27.08.1909 Москва, Московская, Россия
В конце августа все декорации были уже на месте, и меня пригласили в Москву, чтобы их проверить и проверить костюмы. Тогда же должны были начаться уже и репетиции «Месяца в деревне».
Я приехал с вокзала прямо в театр. В зрительном зале меня уже ждал Станиславский и вся труппа, и была повешена и освещена декорация сада, и какой был для меня сюрприз и какое я испытал волнение, когда вдруг при моем входе в зал все стали мне долго и горячо аплодировать…
Станиславский подошел ко мне и благодарил меня.
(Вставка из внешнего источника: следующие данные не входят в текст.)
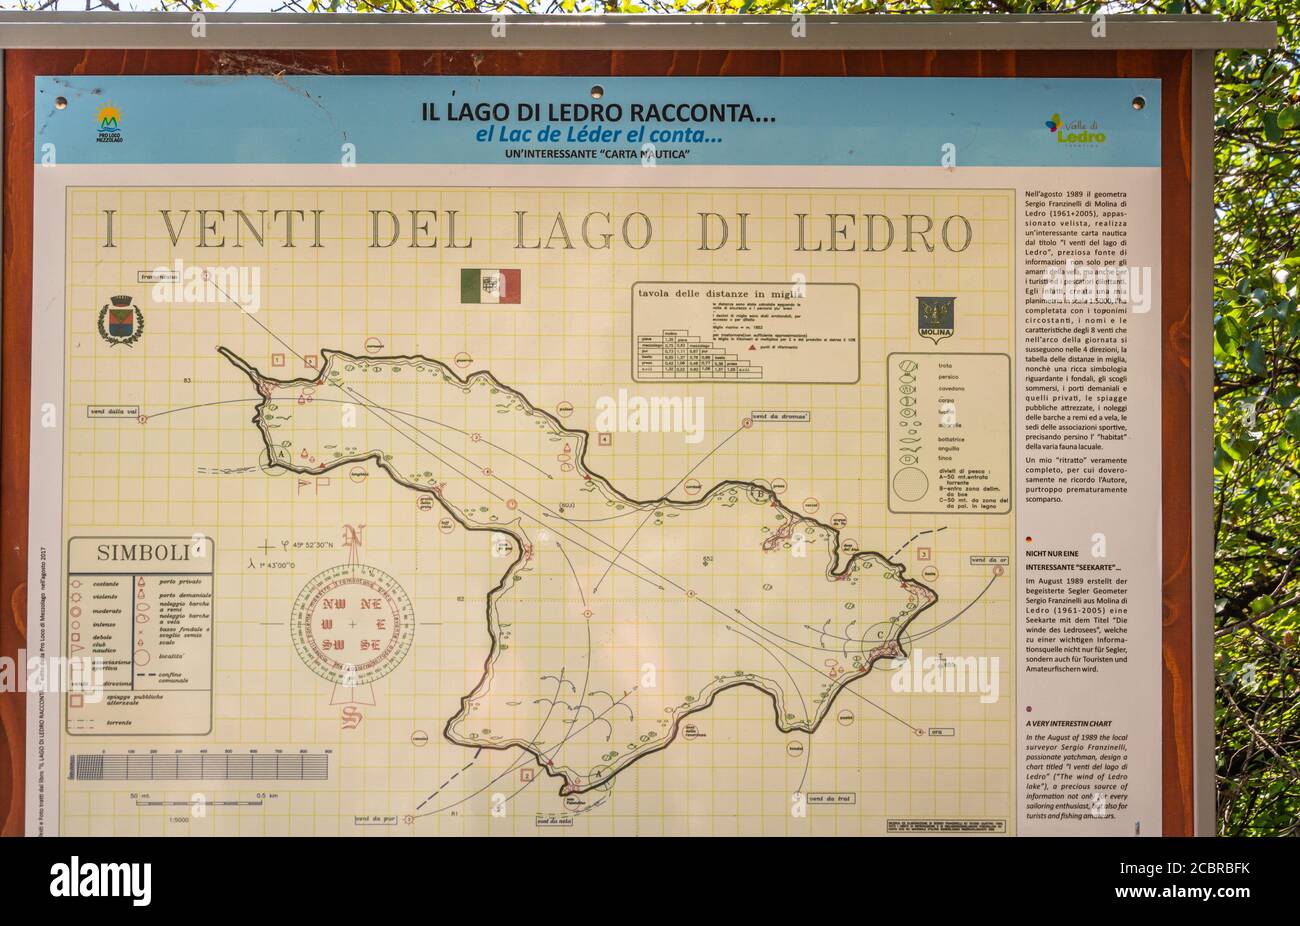 Information panels, signs and map at Lake Ledro, Valle di Ledro in Trentino Alto Adige, northern Italy Stock Photo

Я был как в тумане. Мне говорили, что «таких декораций еще в театре не было», и я видел по улыбкам и приветливым глазам, как искренно все радовались.
Мне самому эта декорация, которую я видел лишь на полу мастерской, теперь освещенная так, как умели это делать только в Художественном театре, показалась ожившей и полной прозрачного воздуха, и я убедился, что был прав в технике ее почти «графической» живописи. В моем сознании это был как бы выдержанный экзамен.
Я остановился было в гостинице, но Станиславский меня сразу же попросил переехать к нему, и с тех пор в течение нескольких лет каждый раз, приезжая в Москву, я направлялся с вокзала прямо к нему, в Каретный ряд.
Мне была дана маленькая тихая комната с отдельным ходом с лестницы и с видом на дворовые крыши, где ворковали голуби, которая и прозвана была с тех пор в семье Станиславского «комнатой Добужинского»[i]. Они снимали целый особняк, настоящий московский, с просторными комнатами, всегда зимой жарко натопленными, и с деревянной широкой лестницей, увешанной бутафорским оружием. Обстановки в доме, собственно, никакой не было, стояли какие-то гигантские готические шкапы (кажется, оставшиеся от всерьез сделанной бутафории «Уриеля Акосты»), и все было большое, под стать хозяину. Стены оставались голые, лишь впоследствии в столовой сиротливо висел подаренный мной Станиславскому итальянский этюд[ii].
Старый его камердинер, очень милый старик с седыми усами, Василий Алексеевич, весь день шаркал туфлями и трогательно заботился обо мне, совсем как о члене семьи, любил побеседовать, и было уютно, что его фамилия тоже Алексеев, какой была настоящая фамилия Станиславского.
С семьей Станиславского у меня создались самые дружеские отношения, которые остались на всю жизнь.
Утренний чай мы наспех пили всегда вместе с К[онстантином] С[ергеевичем] и затем на извозчике, которого он звал с подъезда зычным голосом, ехали в театр. Станиславский трусил каждого перекрестка, ненавидел быструю езду и всегда препирался с извозчиком, хватая его за кушак. Великолепная фигура его всегда обращала на себя общее внимание, и ехать с ним как-то было даже неловко. Я любил всегда, и все будущие годы, объединяться с К[онстантином] С[ергеевичем] по вечерам, после спектакля. Нас ждал самовар и всякая холодная закуска, на которую К[онстантин] С[ергеевич] обыкновенно набрасывался: «Я, собственно говоря, обжора».
[i] … прозвана была… «комнатой Добужинского». — В письме к А. Н. Бенуа от 30 ноября 1912 г. Станиславский упоминает: «Хорошо бы, если б Вы остановились у нас, в пустующей комнате изменника Добужинского» (Станиславский, т. 7, с. 556). Станиславский намекает на работу Добужинского для театра Общества защиты и сохранения старины, который эпизодически функционировал в доме графини Е. В. Шуваловой в Петербурге. Добужинский оформлял в это время постановку пьесы К. Ватация «Хижина, спасенная казаком».
[ii] … сиротливо висел подаренный мной Станиславскому итальянский этюд… — Добужинский имеет в виду пейзаж «Фраскати. Вилла Альдобрандини» (акварель, 1911), который находится в бывшей столовой дома К. С. Станиславского, где сейчас размещен музей его имени.